En son başıma gelen taze bir olayı sizinle paylaşmak istiyorum. Geçtiğimiz hafta sonu bir alışveriş festivalinde ürünlerimi satışa sundum. Standıma gelen çok tatlı bir bayan, beyaz yün kaşeden yaptığım pelerini eline alarak denemek istediğini söyledi. Denemek istediği pelerinin sadece 36 bedeni kalmıştı ve ürünü satın almak isteyen bayan nereden baksanız 40 bedene yakındı. Üzgünüm fakat elinizdeki beden size olmaz dedim. Ama ben denemek istiyorum dedi. Peki, o halde dedim. Bilirsiniz pelerinler oldukça bol kalıplara sahiptir. Giydiğinizde ürünün omuzlarının size tam gelmesi gerekir. Müşteri, kaşe pelerini giyindi ve haliyle omuzları ufak geldi. Bakın gördünüz mü bu beden size olmadı dedim. Yok dedi, ben bu ürünü alacağım. Öyle beğendi ki, ne olursa olsun alacak belliydi. Ne söylesem ikna edemeyeceğimi anladım gidip ürünü torbasına koydum.

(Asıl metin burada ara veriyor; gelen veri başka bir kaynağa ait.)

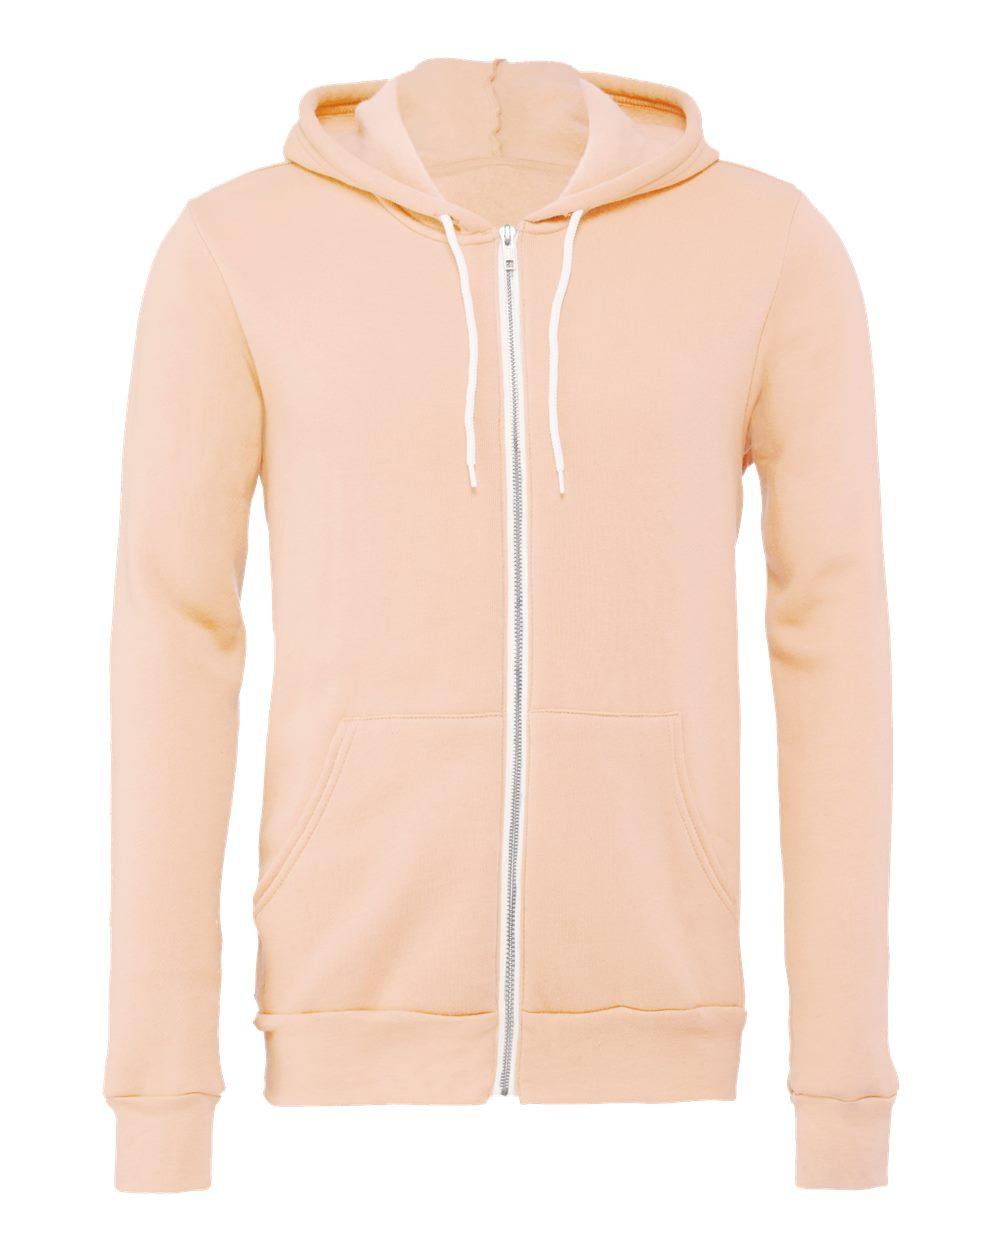 Bella-Canvas-Unisex-Full-Zip-Up-Hooded-Sweatshirt-Blank-Hoodie-3739-up-to-3XL thumbnail 77
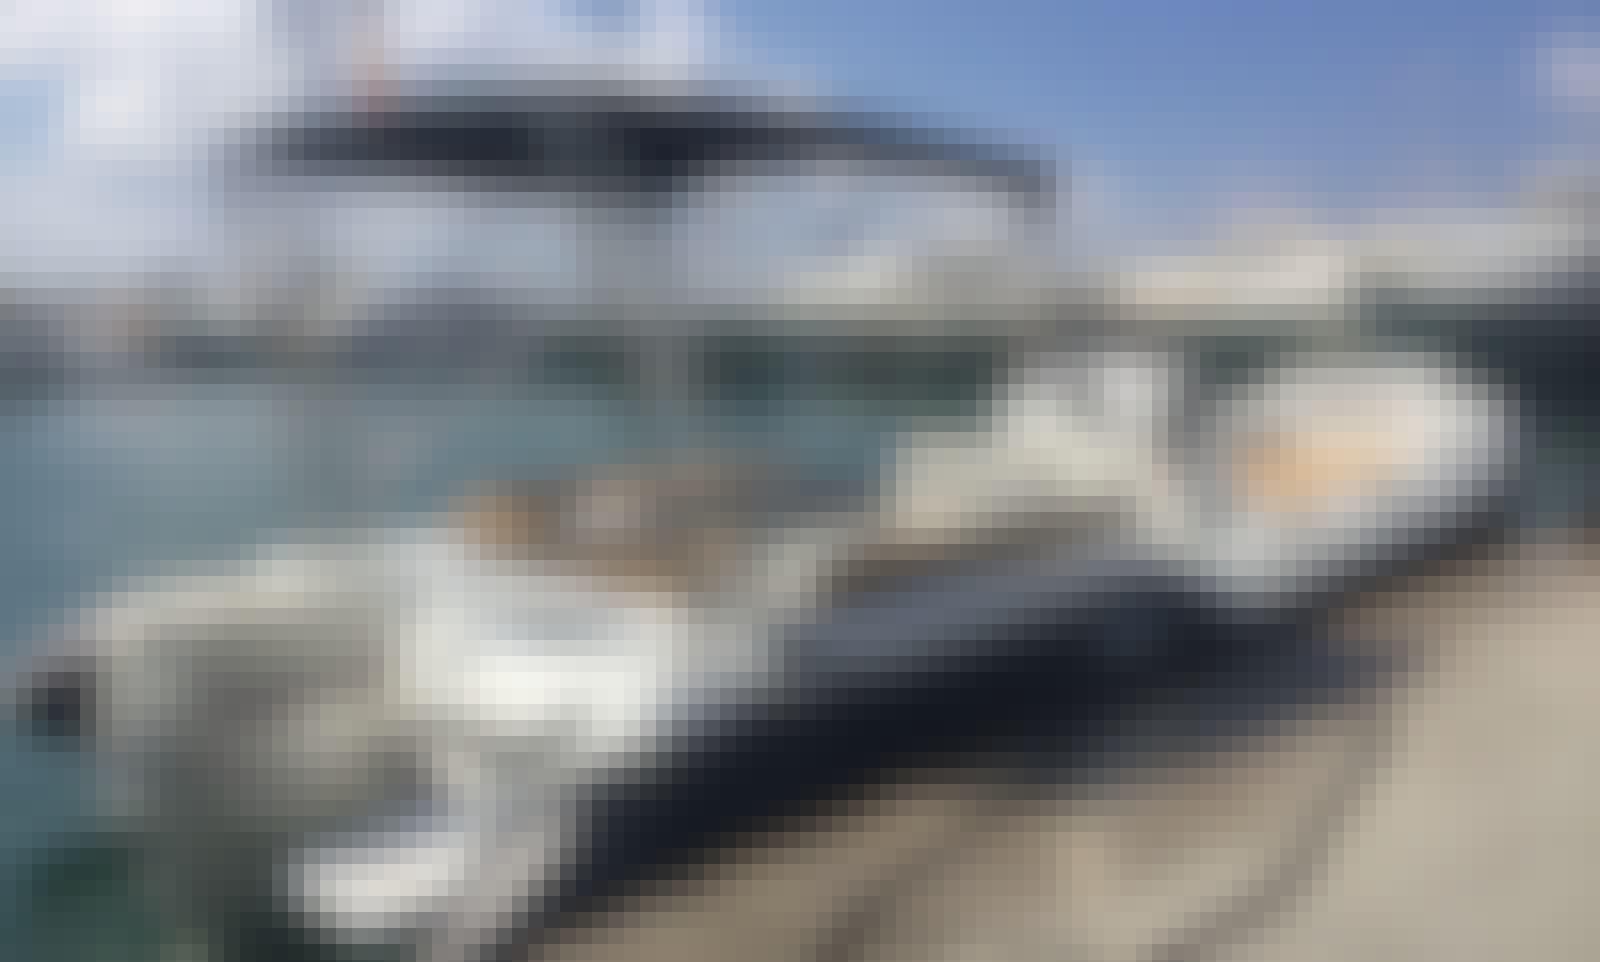 2018 Tarpon 790 LX RIB Rental In Eivissa, Spain

Ürünün ödemesini yaparken üzerindeki fiyat etiketini kopartıp; “Eşimin işi gereği Katar’a yerleşeceğiz, bunu bu fiyata aldığımı görmesin.” dedi. O an aklımdan kaşe ve Katar kelimelerini yan yana koyarak gülümsedim. 🙂 Elbette ki güzel günlerde giyinsin ama bilinçsiz tüketimin biz Müslüman kadınlar tarafından bu kadar benimsenmesi inanın tehlikeli bir durum.
Moda, Tüketim ve Gençlik
Moda ve tüketim kültürünün gençliğe etkisi konusuna da biraz değinmek istiyorum. Gençlerin tüketim anlayışı, yetişkin birine nazaran daha farklıdır. Arkadaşında beğenip almak istemek, aynı yerlere gitmek, aynı şeyleri yemek, aynı şeylerden hoşlanmak gibi daha birçok şeyi sıralayacağımız ortak özelliklerden gençlerimizi biraz olsun uzaklaştırmak elimizde. Bunu da ancak onlara kazandıracağımız dini değerlerimizle yapabiliriz.
Çocuklarımızın farkındalıklarını arttırarak bilinçli tüketici olmalarını sağlarsak, bu durmadan dönen çarkın tehlikesinden onları korumuş oluruz. Ve durmadan tüketen değil, aldığını eskiten bireyler yetiştirerek topluma kazandırırız. “İhtiyacın varsa al” bilincini çocuklarımıza aşılarsak gelecekte tüketimi yönetebilen bireyler yetiştirmiş olacağız.